[Input data — start]

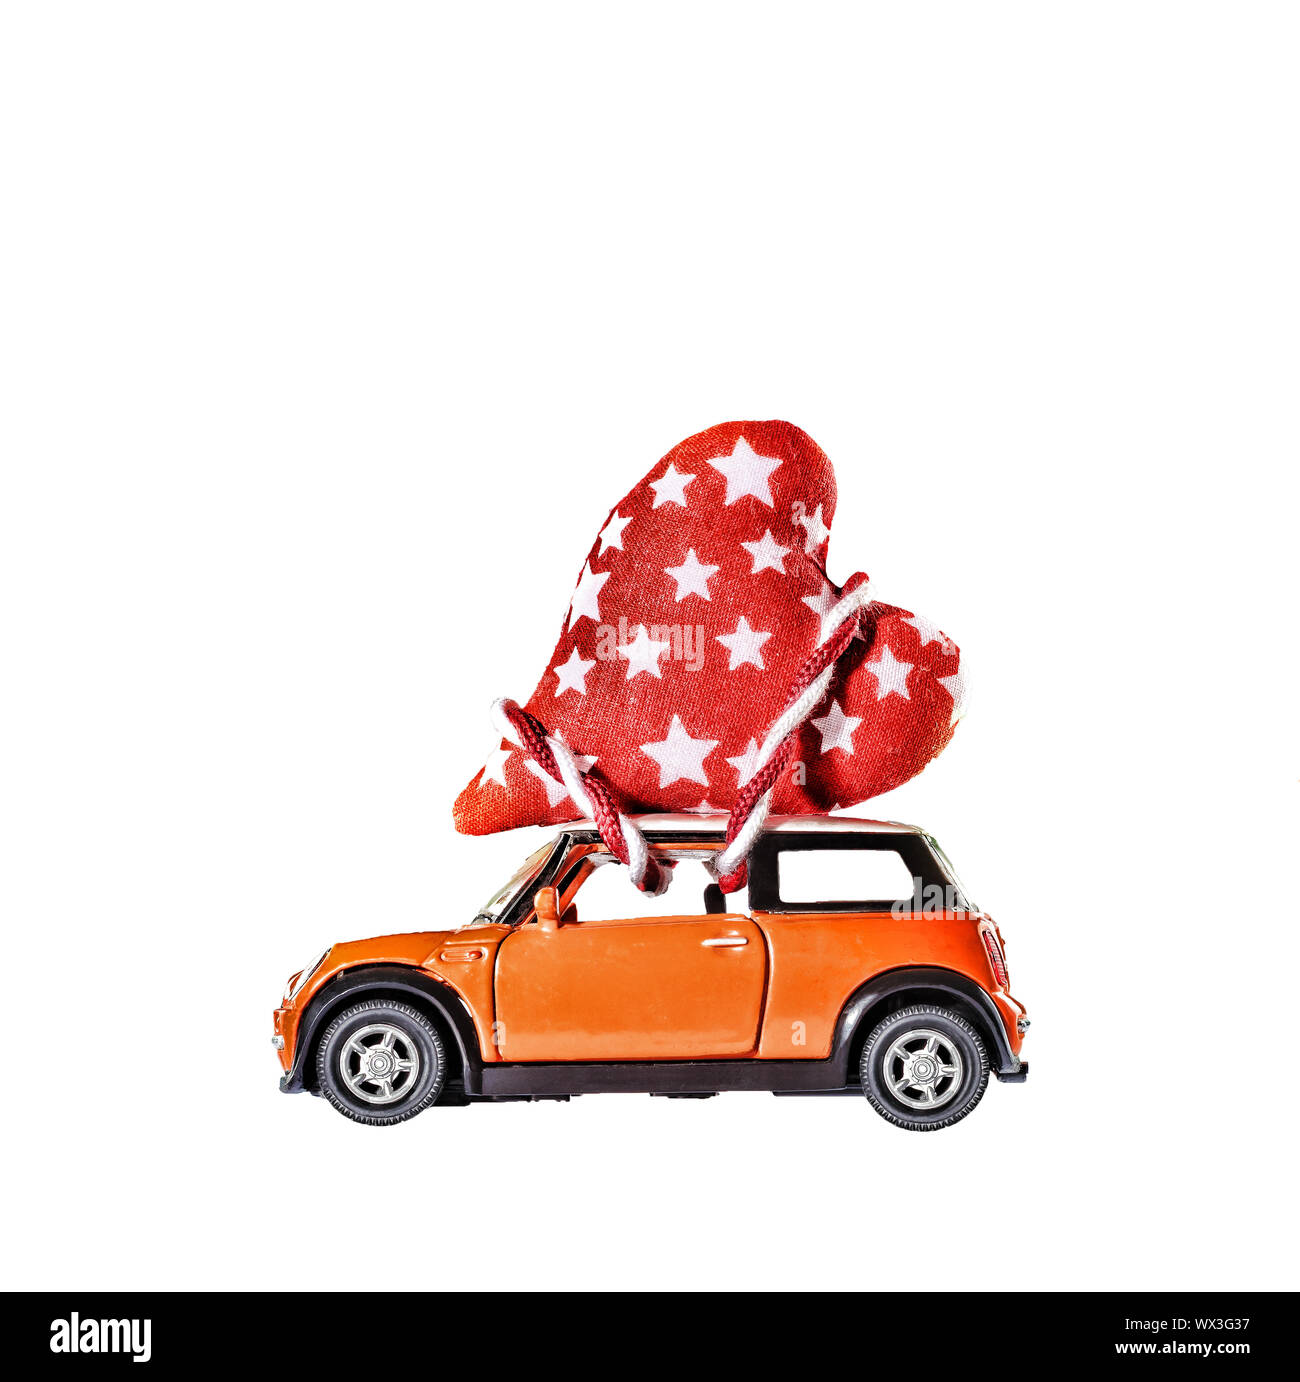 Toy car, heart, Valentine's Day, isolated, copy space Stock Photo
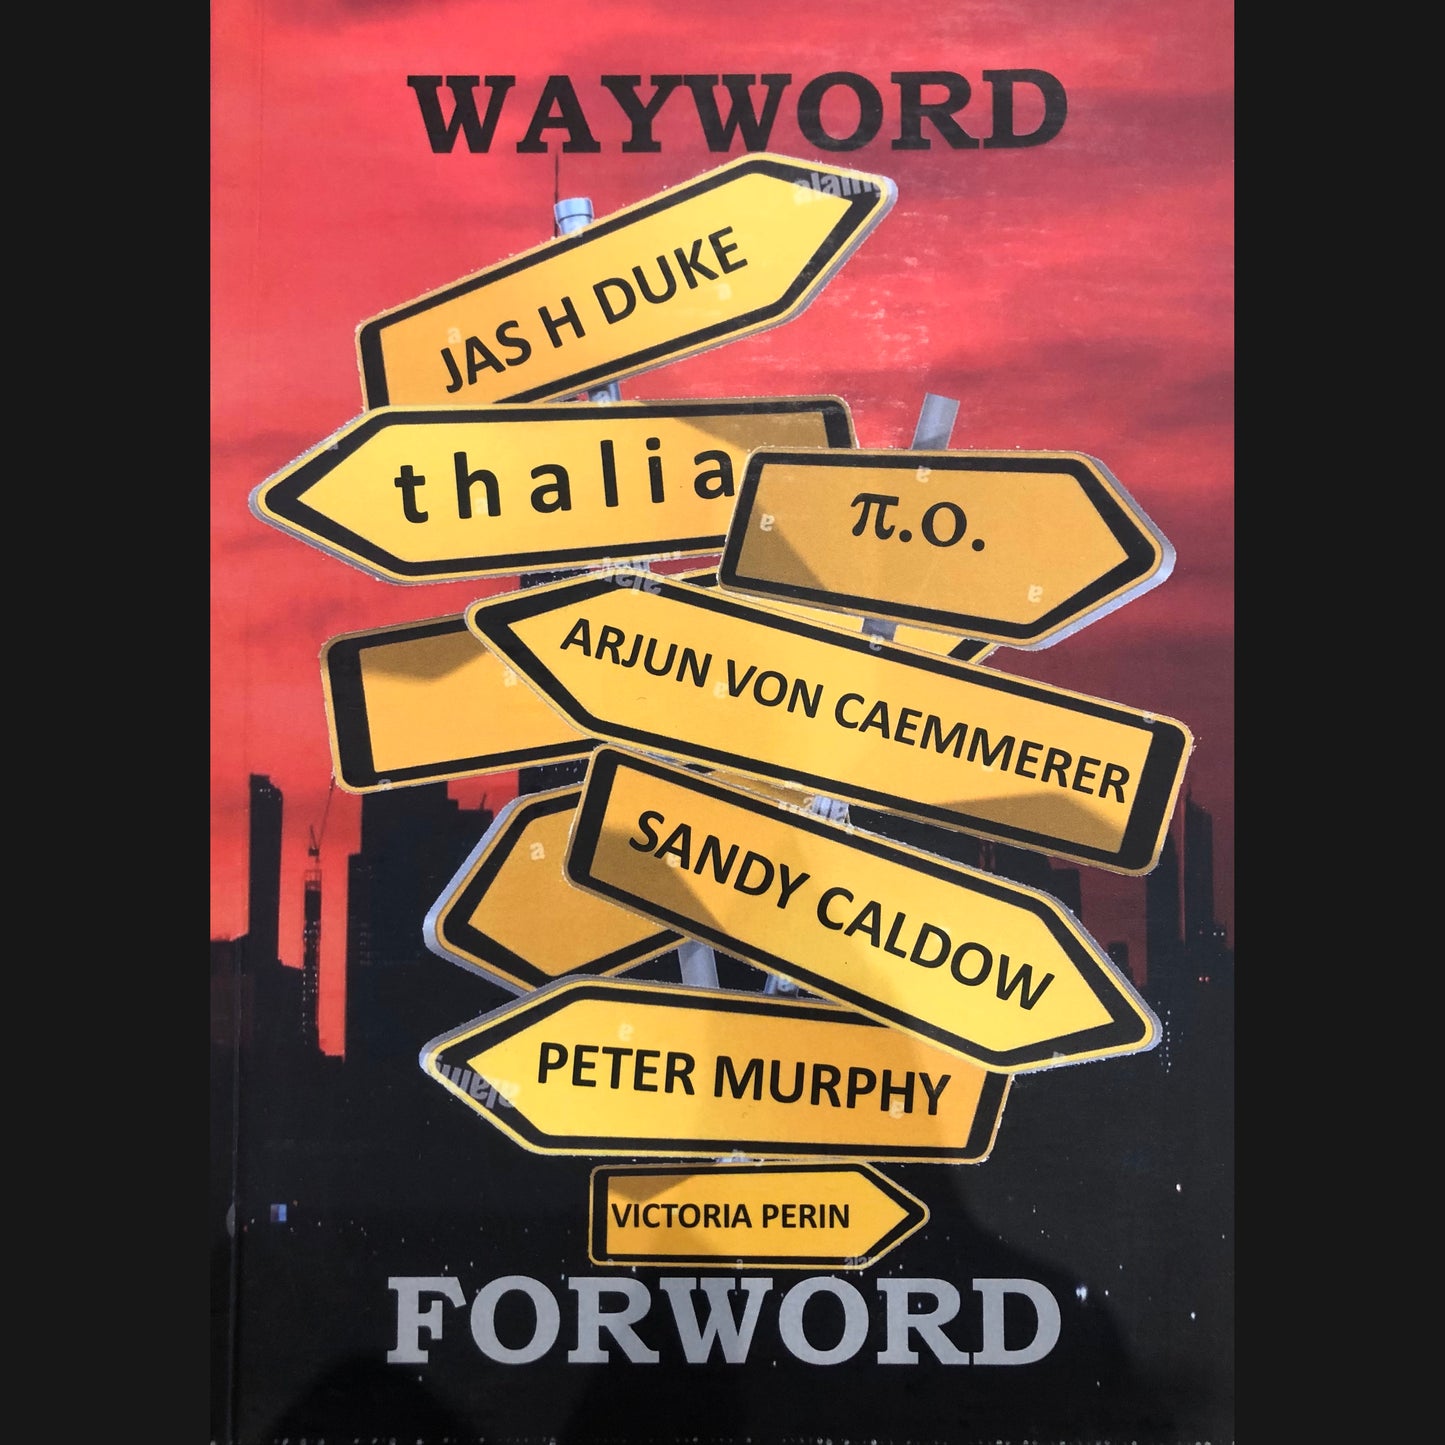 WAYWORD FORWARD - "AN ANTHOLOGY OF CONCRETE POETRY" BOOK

[Input data — finish]
[Input data — start]

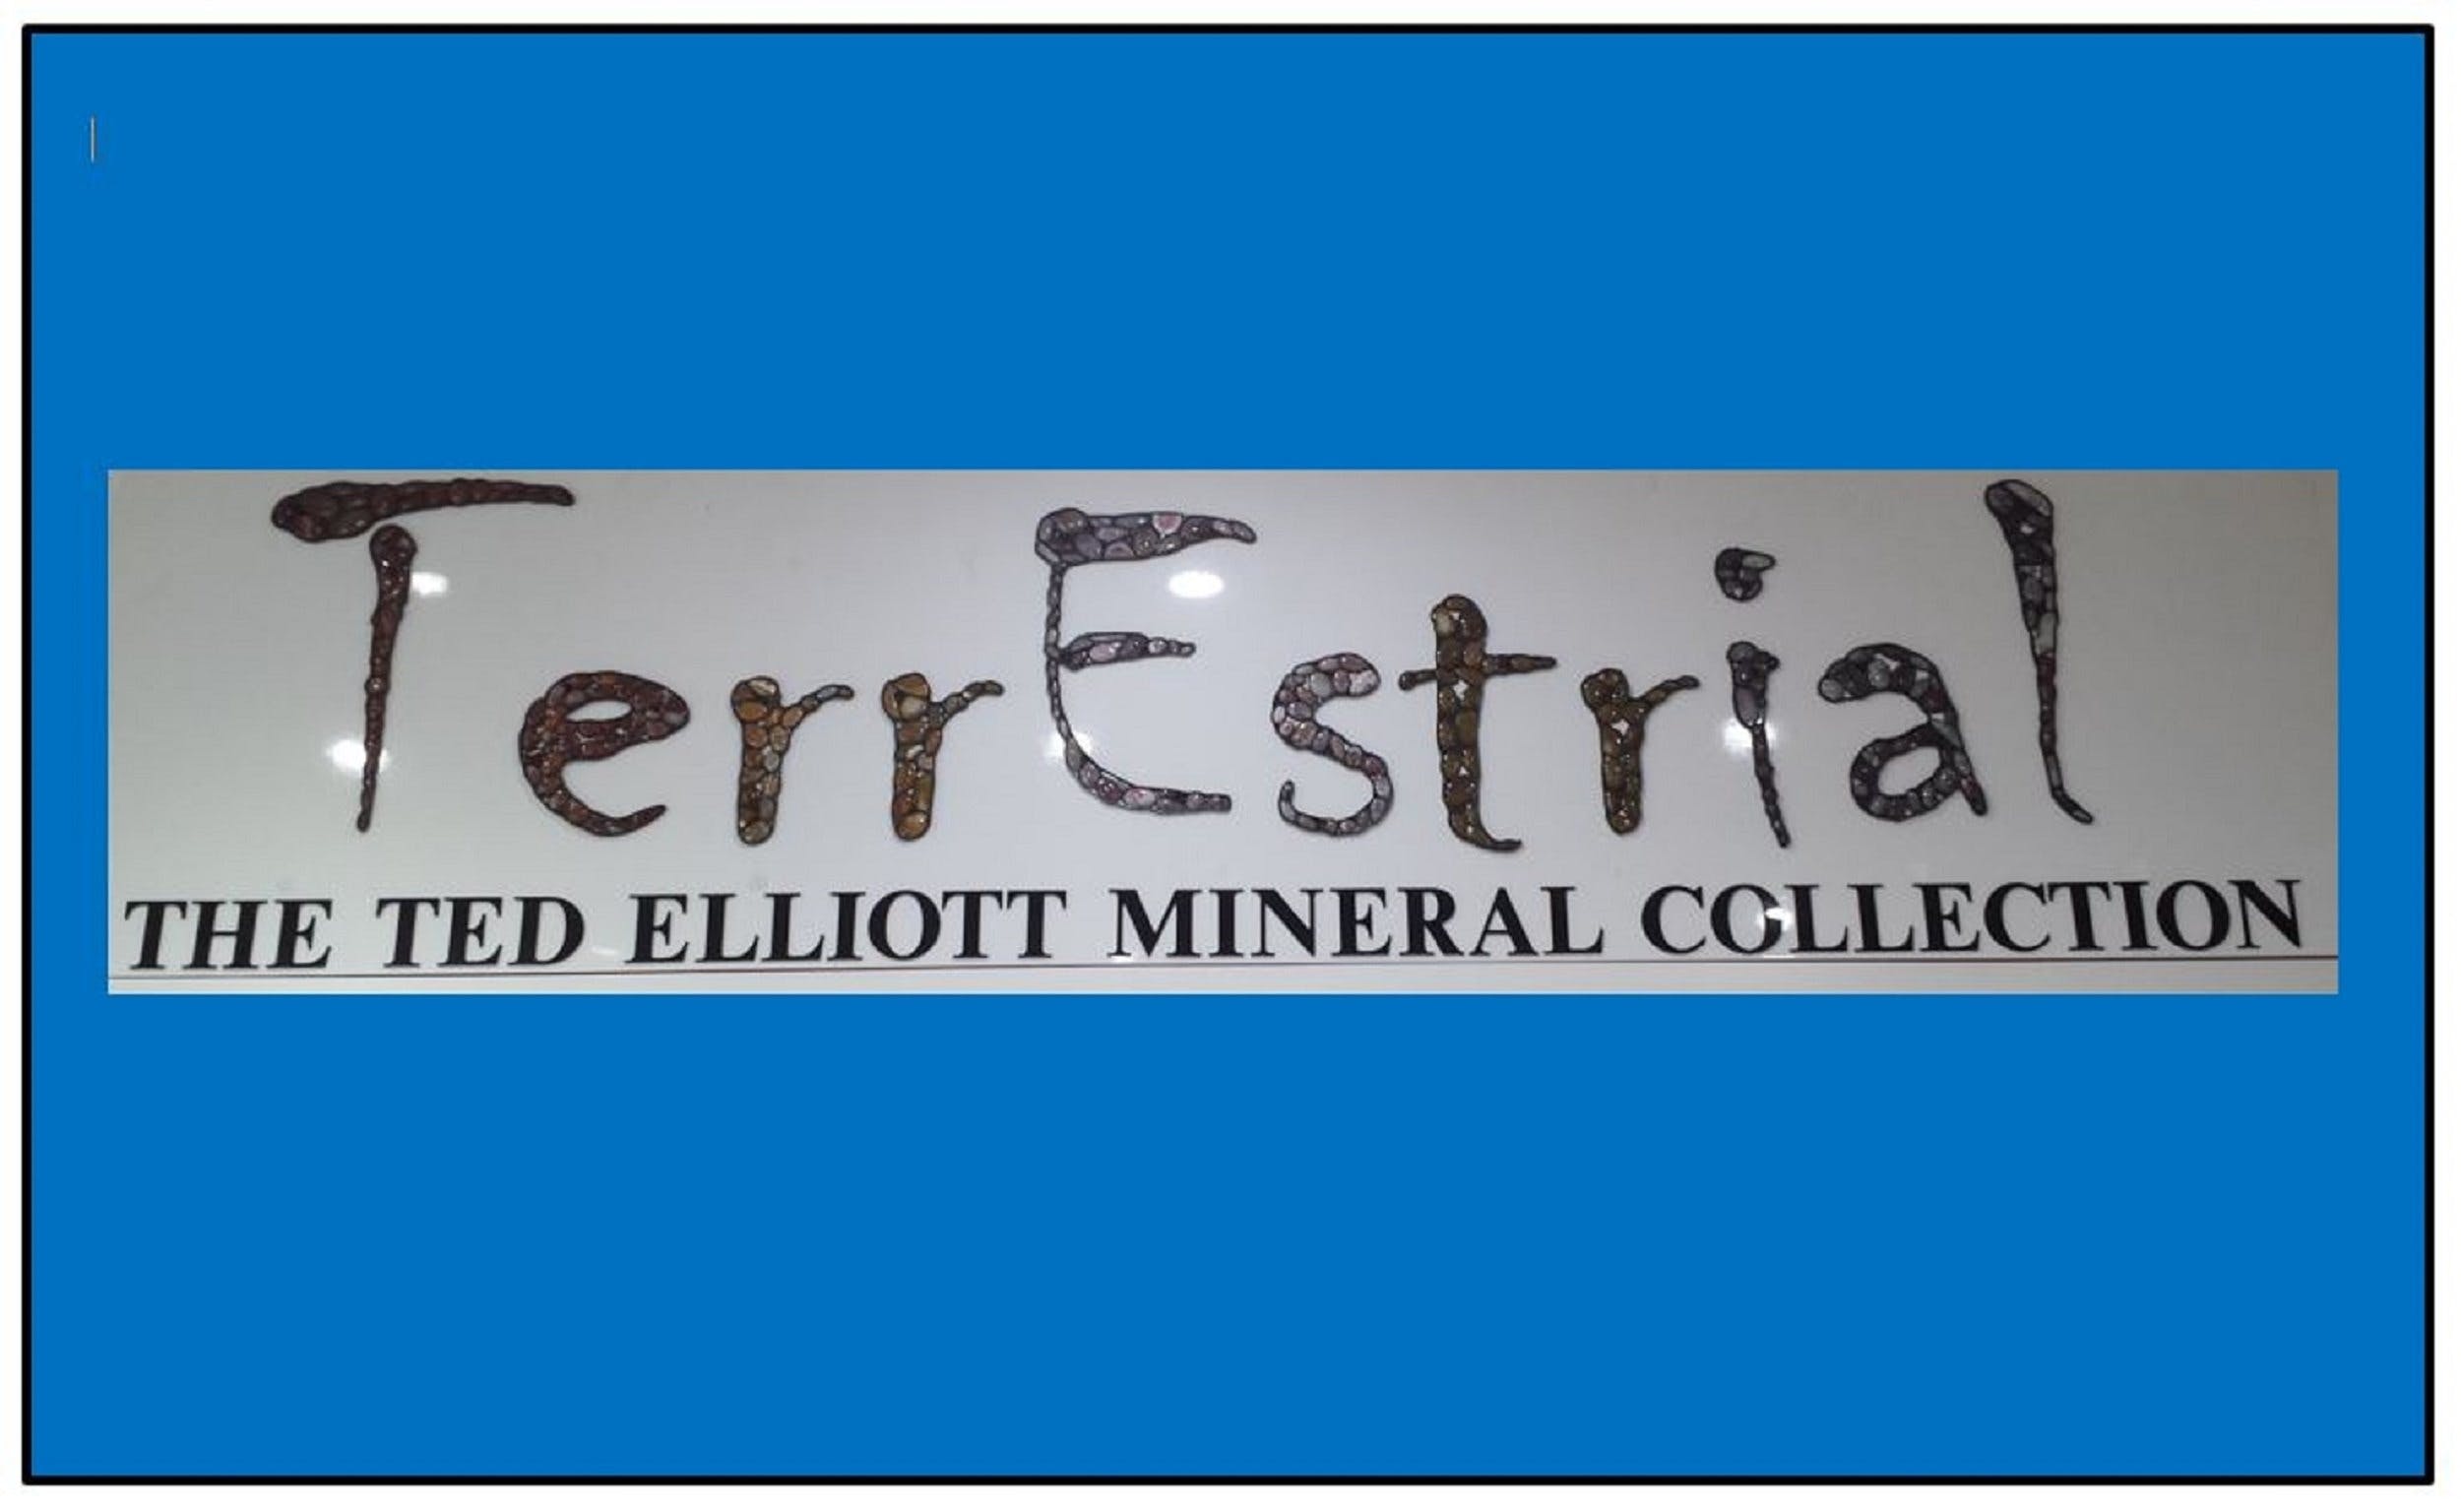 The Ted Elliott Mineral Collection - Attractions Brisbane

[Input data — finish]

**Required action:** When copying from the data above, print only the lines from the line containing "Toy car, heart, Valentine's" to the line containing "ANTHOLOGY OF CONCRETE", exactly, and leave the pictures out.

**Completed task:**
 Toy car, heart, Valentine's Day, isolated, copy space Stock Photo
 WAYWORD FORWARD - "AN ANTHOLOGY OF CONCRETE POETRY" BOOK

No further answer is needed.